CONCLUSIONS AND OUTLOOK
“Tackling rare diseases through research and to enable all people living with a rare disease to receive an accurate diagnosis, care, and available therapy within 1 yr of coming to medical attention” was the vision of the International Rare Diseases Research Consortium (IRDiRC), a global collaborative initiative launched in 2011 by the European Commission and the U.S. National Institutes of Health (https://irdirc.org/who-we-are/). Today, a decade later, rare diseases are finally getting the attention they always deserved (Antonarakis and Beckmann 2006) but had not received for many years. Even the German government, one of the last in Europe with a blind eye for rare diseases, has recently adopted a law to implement WGS into health care (see Kingsmore, this issue). At long last, it has also joined the European “1+ Million Genomes” project (https://digital-strategy.ec.europa.eu/en/policies/1-million-genomes) realizing that for the future of genome medicine and research and their successful interplay, international exchange and data sharing is essential.
Technological innovations and novel algorithms, but also databases for pathogenic or benign variants, have drastically reduced the time to diagnosis, and thanks to affordable and fast very-long-read sequencing, genetic diagnoses based on the sequence of the complete, truly personal genome have appeared on the horizon (Nurk et al. 2021). Although at present, the vision of IRDiRC to reduce the time to diagnosis and treatment to less than 1 year is mostly met for patients and families contacting academic or other specialized centers for rare diseases, some patients arrive there only after long diagnostic odysseys. This illustrates the urgent need to establish Genome Medicine as important aspect of medical education and training (see Kingsmore, in this issue), because the difficult truth is that in many countries, the infrastructure and training for referral to such centers is simply not there. Finally, by far not all individuals undergoing state-of-the-art diagnostics will receive a clear diagnosis, because either the underlying gene defect or the significance of identified variants may still be unknown.

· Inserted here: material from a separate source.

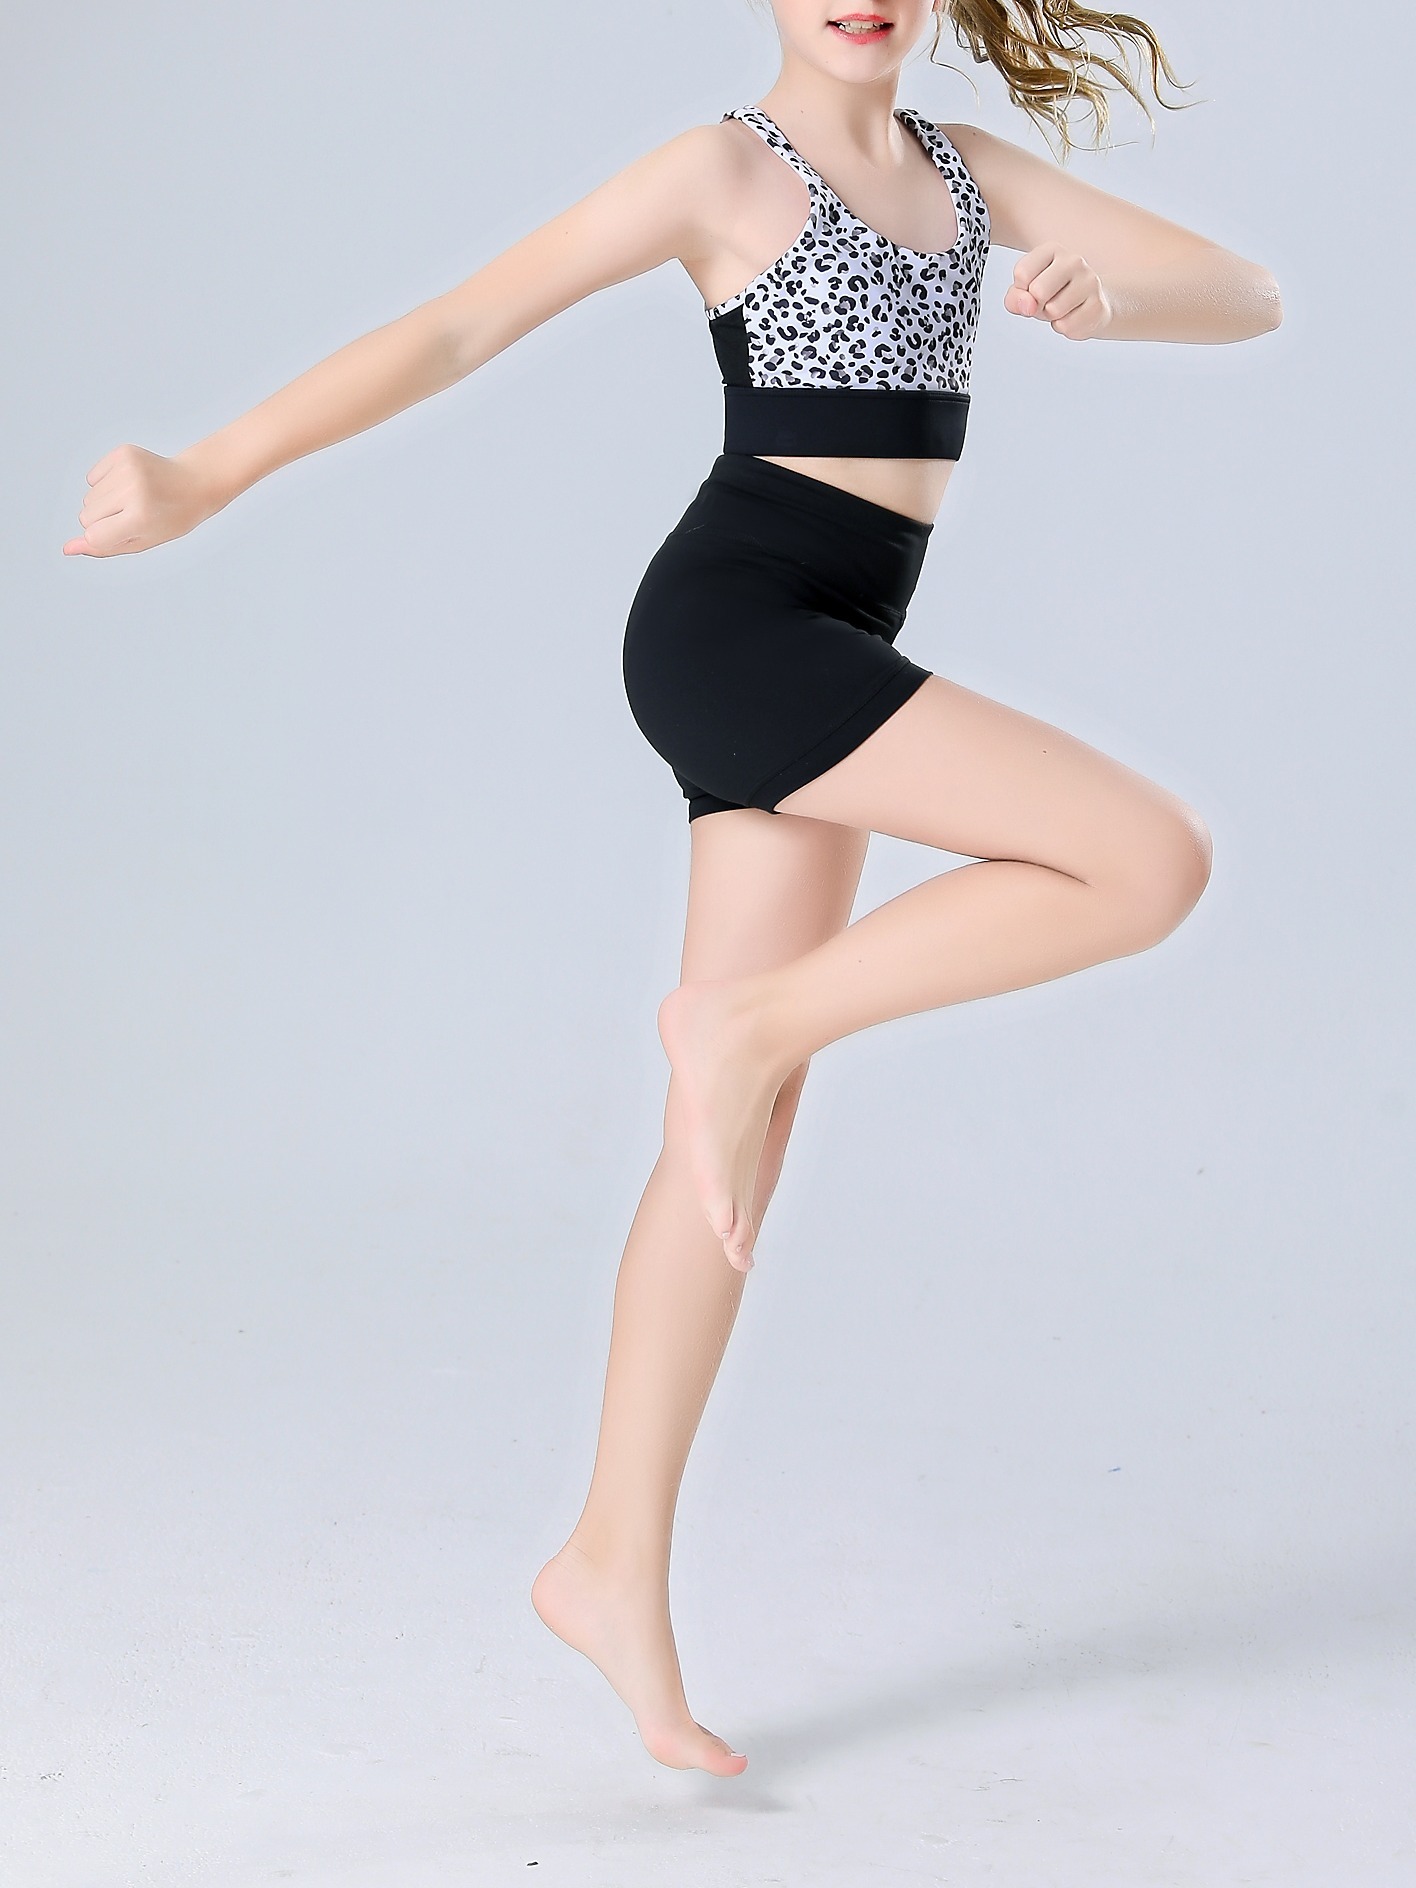 Gymnastics & Dance Shorts 7 High Waisted Yoga Shorts in Girls Sizes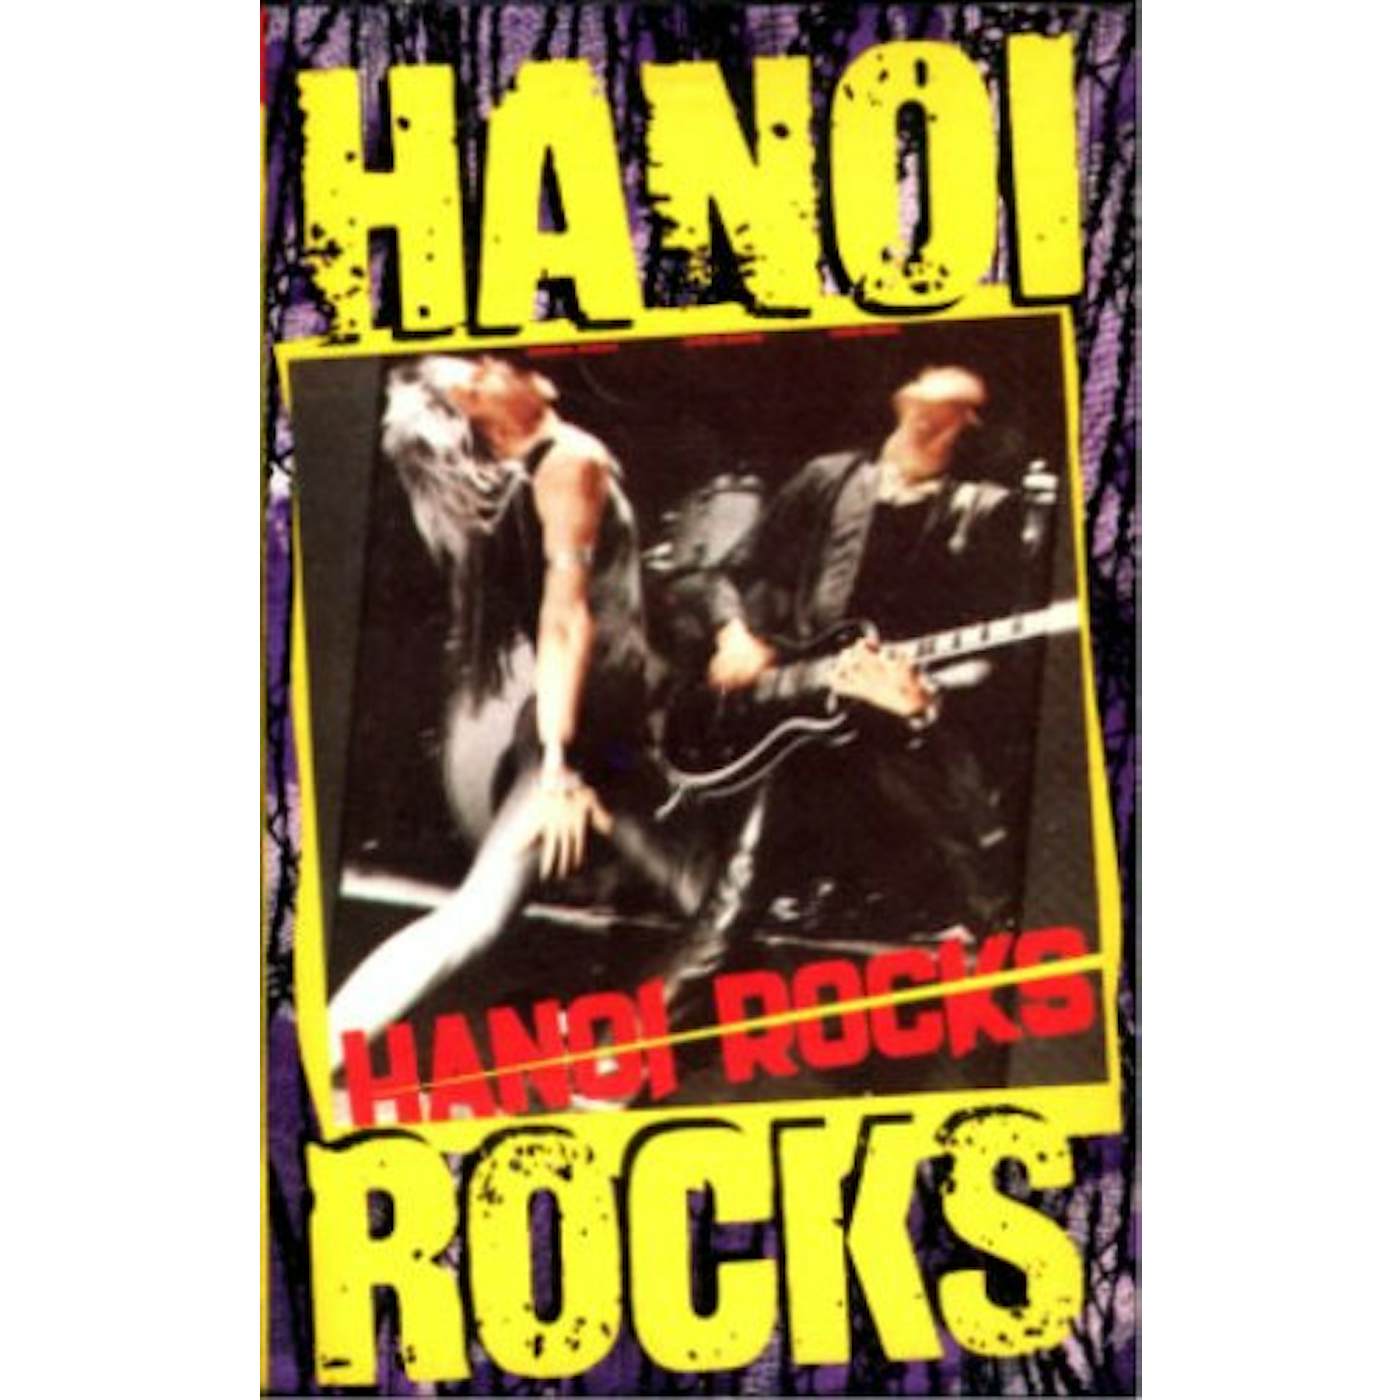 Hanoi Rocks Bangkok Shocks Saigon Shakes Vinyl Record

This reminds us that despite the remarkable progress and the growing recognition of rare diseases as key to the understanding of gene and genome function, even its original aims defined a decade ago have not been achieved yet, and not only the identification of hitherto unknown disease genes, but above all the elucidation of their function, remains an enormous challenge.
Competing Interest Statement
The authors have declared no competing interest.
Acknowledgments
The authors thank Stephen Kingsmore and Elaine Mardis for their helpful comments on an early version of this editorial and for strategic advice, Thomas Wienker for thoroughly reading and discussing the penultimate version, Ada Hamosh and Joanna Amberger for alerting us to relevant publications, Laureen Connell for numerous discussions concerning the Special Issue, and Gwendolin Ropers for her patience.
Footnotes
Referred to here as “rare diseases,” although collectively they are all but rare.